I'm processing very large amounts of data, stored in a dictionary, using multiprocessing. Basically all I'm doing is loading some signatures, stored in a dictionary, building a shared dict object out of it (getting the 'proxy' object returned by Manager.dict() ) and passing this proxy as argument to the function that has to be executed in multiprocessing.
Just to clarify:
signatures = dict()
load_signatures(signatures)
[...]
manager = Manager()
signaturesProxy = manager.dict(signatures)
[...]
result = pool.map ( myfunction , [ signaturesProxy ]*NUM_CORES )
Now, everything works perfectly if signatures is less than 2 million entries or so. Anyways, I have to process a dictionary with 5.8M keys (pickling signatures in binary format generates a 4.8 GB file). In this case, the process dies during the creation of the proxy object:
Traceback (most recent call last):
File "matrix.py", line 617, in
signaturesProxy = manager.dict(signatures)
File "/usr/lib/python2.6/multiprocessing/managers.py", line 634, in temp
token, exp = self._create(typeid, *args, **kwds)
File "/usr/lib/python2.6/multiprocessing/managers.py", line 534, in _create
id, exposed = dispatch(conn, None, 'create', (typeid,)+args, kwds)

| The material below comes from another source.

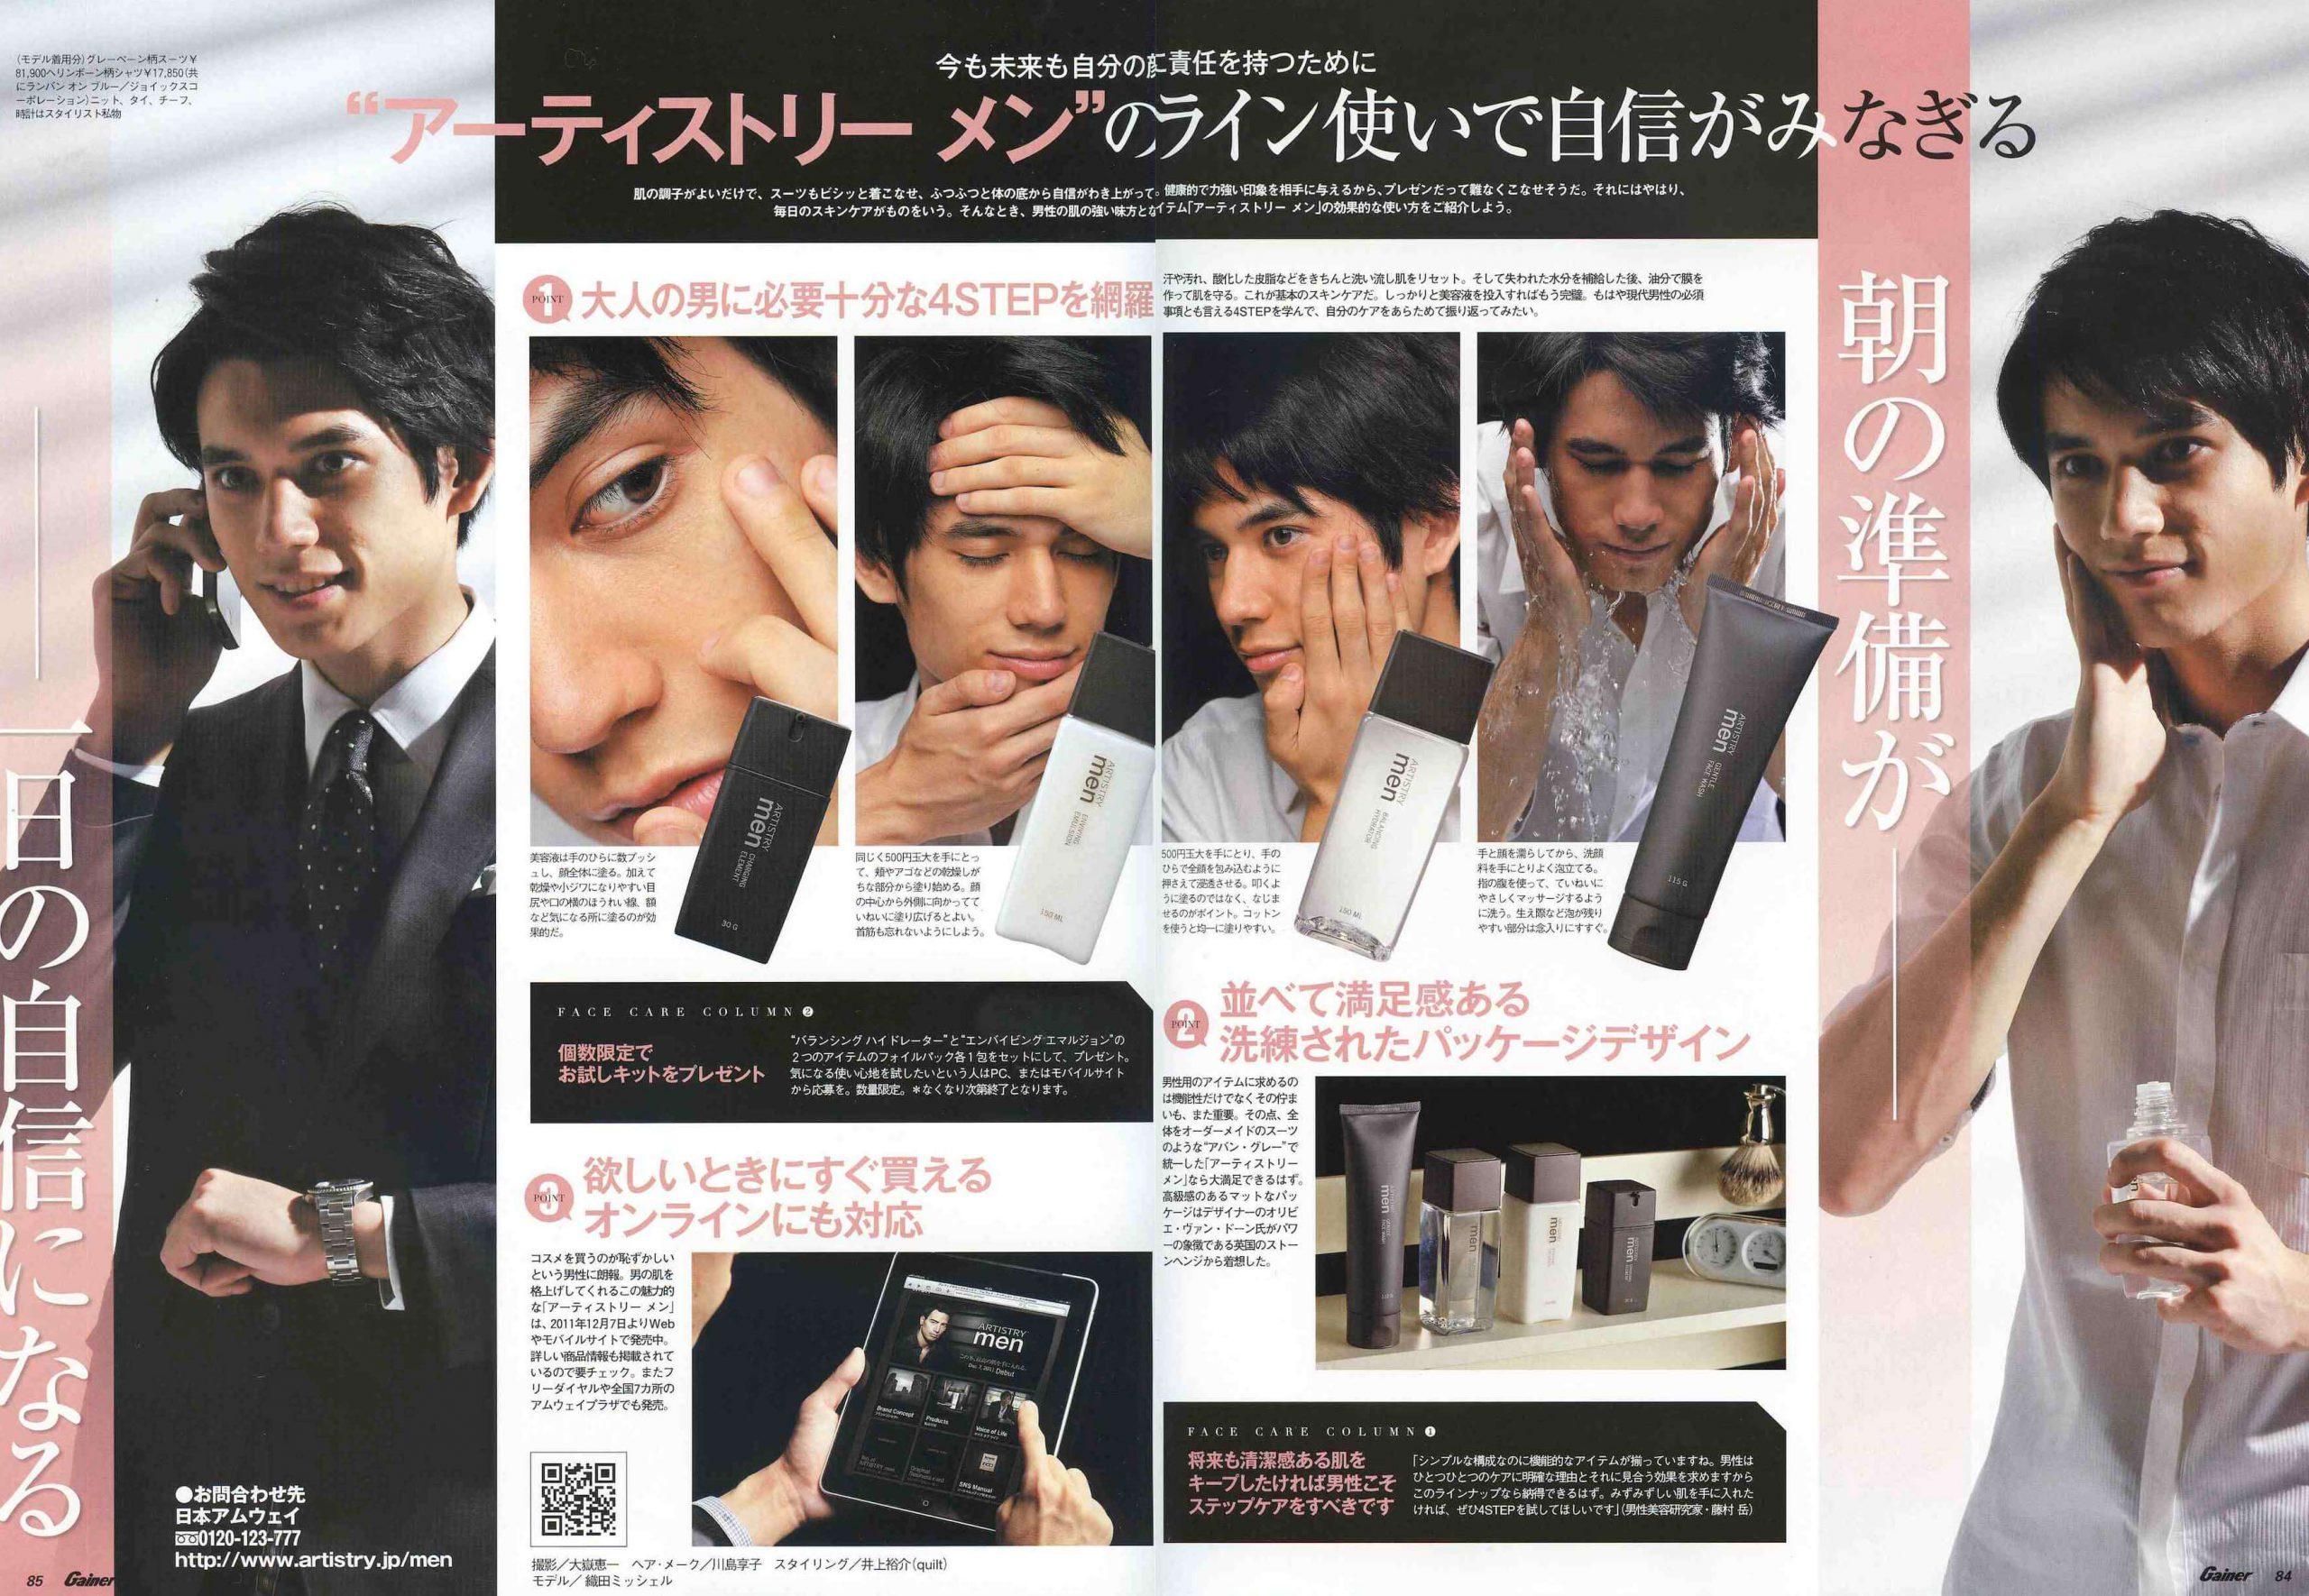 Michel<span>/ B-TOKYO</span>

File "/usr/lib/python2.6/multiprocessing/managers.py", line 79, in dispatch
raise convert_to_error(kind, result)
multiprocessing.managers.RemoteError:
---------------------------------------------------------------------------
Traceback (most recent call last):
File "/usr/lib/python2.6/multiprocessing/managers.py", line 173, in handle_request
request = c.recv()
EOFError
---------------------------------------------------------------------------
I know the data structure is huge but I'm working on a machine equipped w/ 32GB of RAM, and running top I see that the process, after loading the signatures, occupies 7GB of RAM. It then starts building the proxy object and the RAM usage goes up to ~17GB of RAM but never gets close to 32. At this point, the RAM usage starts diminishing quickly and the process terminates with the above error. So I guess this is not due to an out-of-memory error...
Any idea or suggestion?
Thank you,
Davide
解决方案
If the dictionaries are read-only, you don't need proxy objects in most operating systems.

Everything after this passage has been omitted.